JohsEnevoldsen · April 28, 2022, 7:24am

I have a model with an outcome that is a truncated normal. I estimate Sigma for each level of a categorical variable. How do I compare the posterior SD for each group?

I cannot simply compare Sigma, as the SD will also depend on mu due to the truncation.

For comparing group means, posterior_epred() solves the problem that the mean of a truncated normal is not equal to the mu parameter. Is there anything similar for the SD?

Below is a simple example, that should illustrate the problem.

library(brms)

a <- rnorm(1000, 1, 2)
b <- rnorm(1000, 6, 2)

df <- data.frame(gr = rep(c("a","b"), each = 1000), 
                 value = c(a,b))

# Remove values below 0
df <- df[df$value > 0,] 

sd(df$value[df$gr == "a"])
#> [1] 1.393734
sd(df$value[df$gr == "b"])
#> [1] 1.938442

m1 <- brm(bf(value | trunc(lb = 0) ~ 0+gr, 
             sigma ~ 0+gr),
          data = df, silent = TRUE)
#> Compiling Stan program...

plot(m1)

The Sigma values above are log(Sigma).

To compare means, I can simply use conditional_effects(), which use the posterior distribution of epreds by default, so this gives the correct posterior means for each group.

# Mean of posterior distributions
conditional_effects(m1)

To compare group SD, I could simulate several posterior predictions for each draw and calculate the SD for each group within each draw, but that seems excessive. Also, I’m unsure how many simulations I should make for each draw, to make the the uncertainty from the simulations negligible.

library(ggplot2)
library(tidybayes)

predicted_draws(m1, newdata = data.frame(gr = rep(c("a", "b"), each = 100))) |> 
  group_by(.draw, gr) |> 
  summarise(sd = sd(.prediction)) |> 
  ggplot(aes(gr, sd)) +
  stat_eye()
#> `summarise()` has grouped output by '.draw'. You can override using the
#> `.groups` argument.

^{Created on 2022-04-28 by the reprex package (v2.0.0)}

JohsEnevoldsen · April 28, 2022, 8:46pm

… or should I just stick to the Gaussian if I want to estimate standard deviations?

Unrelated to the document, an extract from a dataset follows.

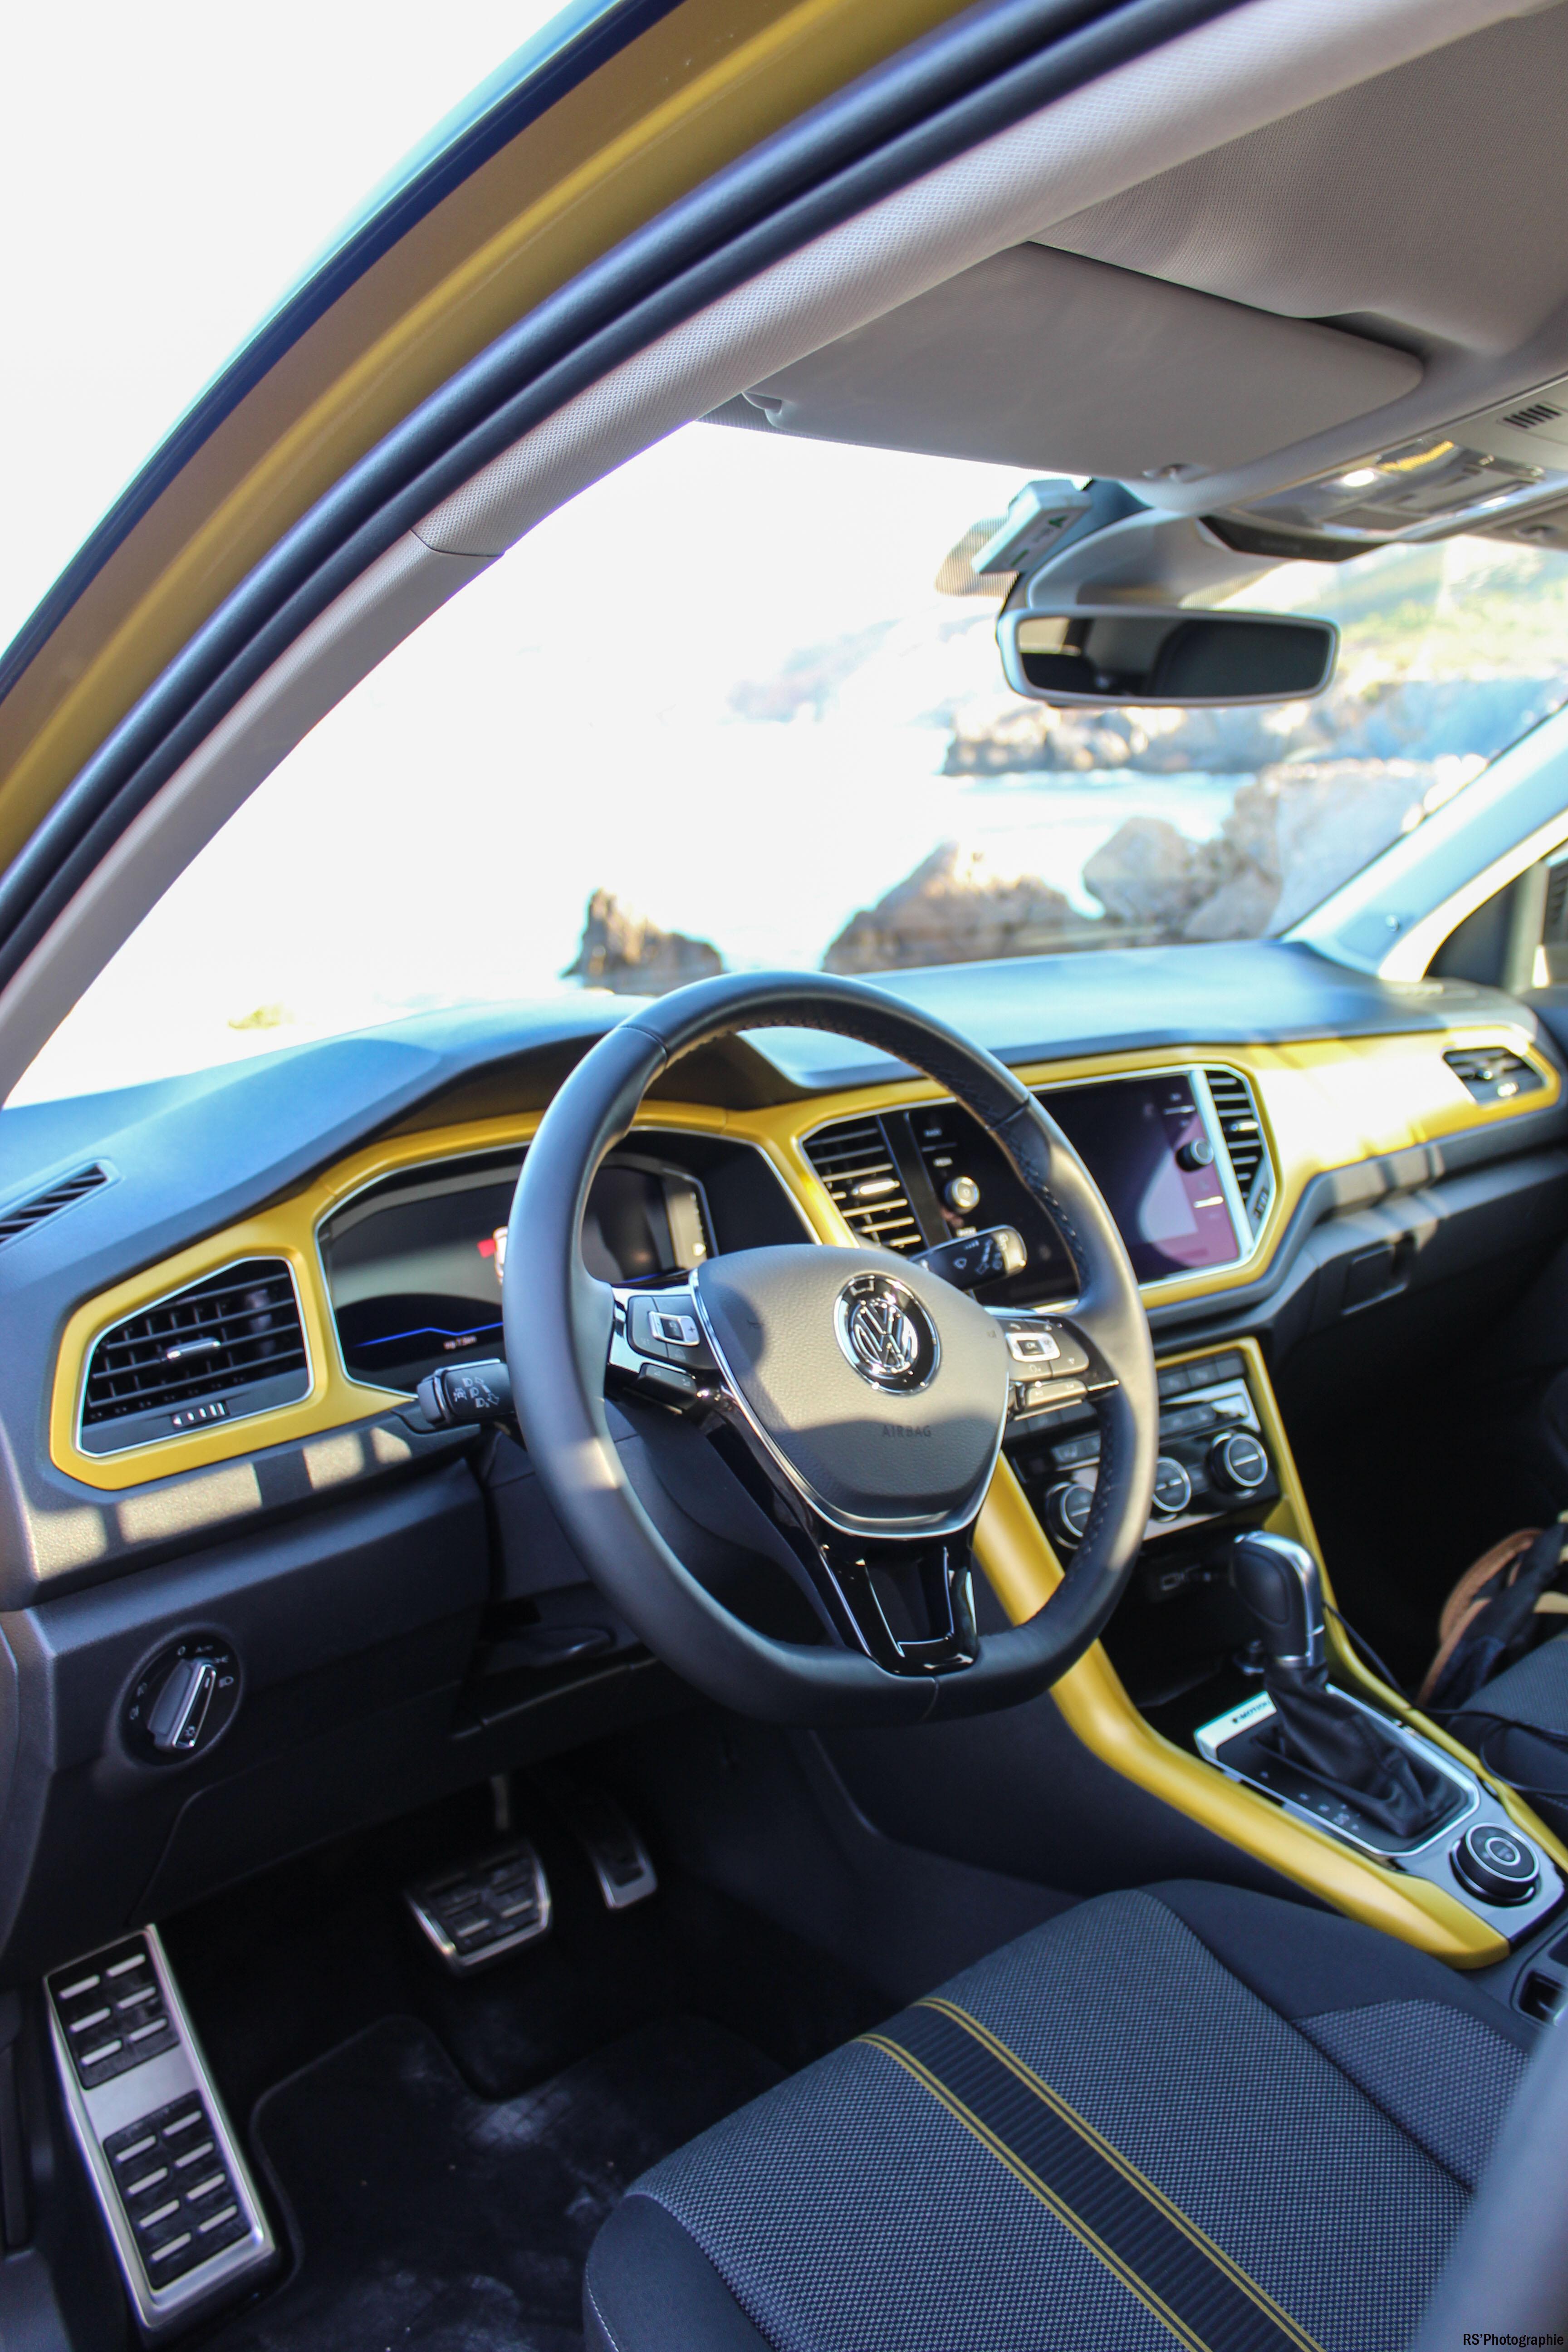 Volkswagentroc102-vw-t-roc-intérieur-onboard-Arnaud Demasier-RSPhotographie
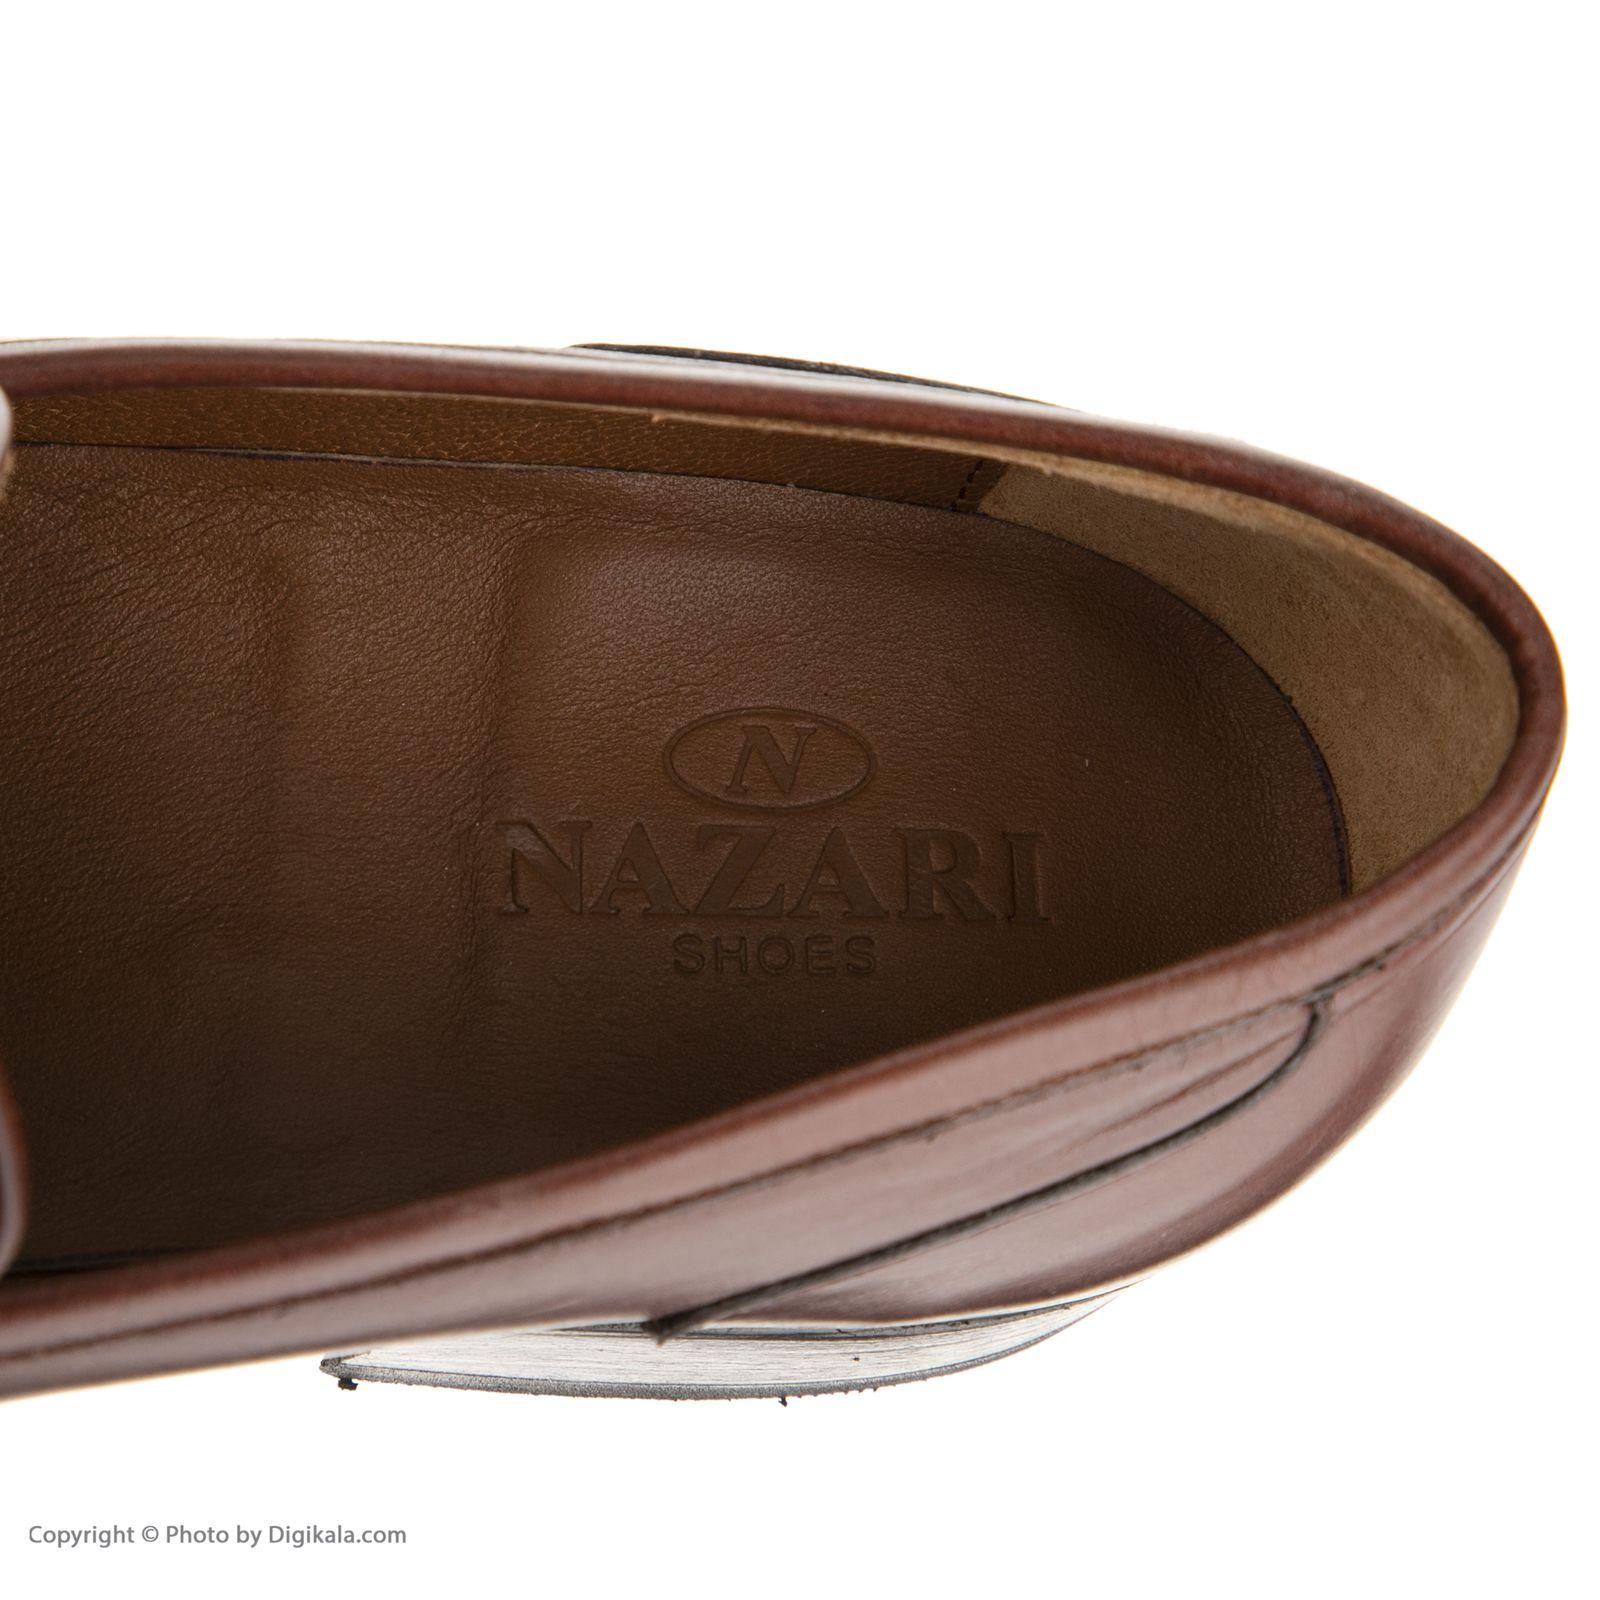 کفش مردانه نظری کد 431 -  - 8

caesoma · April 29, 2022, 8:33am

I am not very familiar with the brms syntax, but I am assuming that by truncated normal output you mean that the likelihood has that form. In any case, and regardless of the model and its likelihood function, the “uncertainty in the posterior” can be computed directly from it, whether it’s for a parameter in the model directly or a function of one or more parameters. Uncertainty can be a somewhat vague term, so it’s important to be precise about what you need to quantify – the main point here is that the uncertainty from the posterior pertains to the parameters, not the observations.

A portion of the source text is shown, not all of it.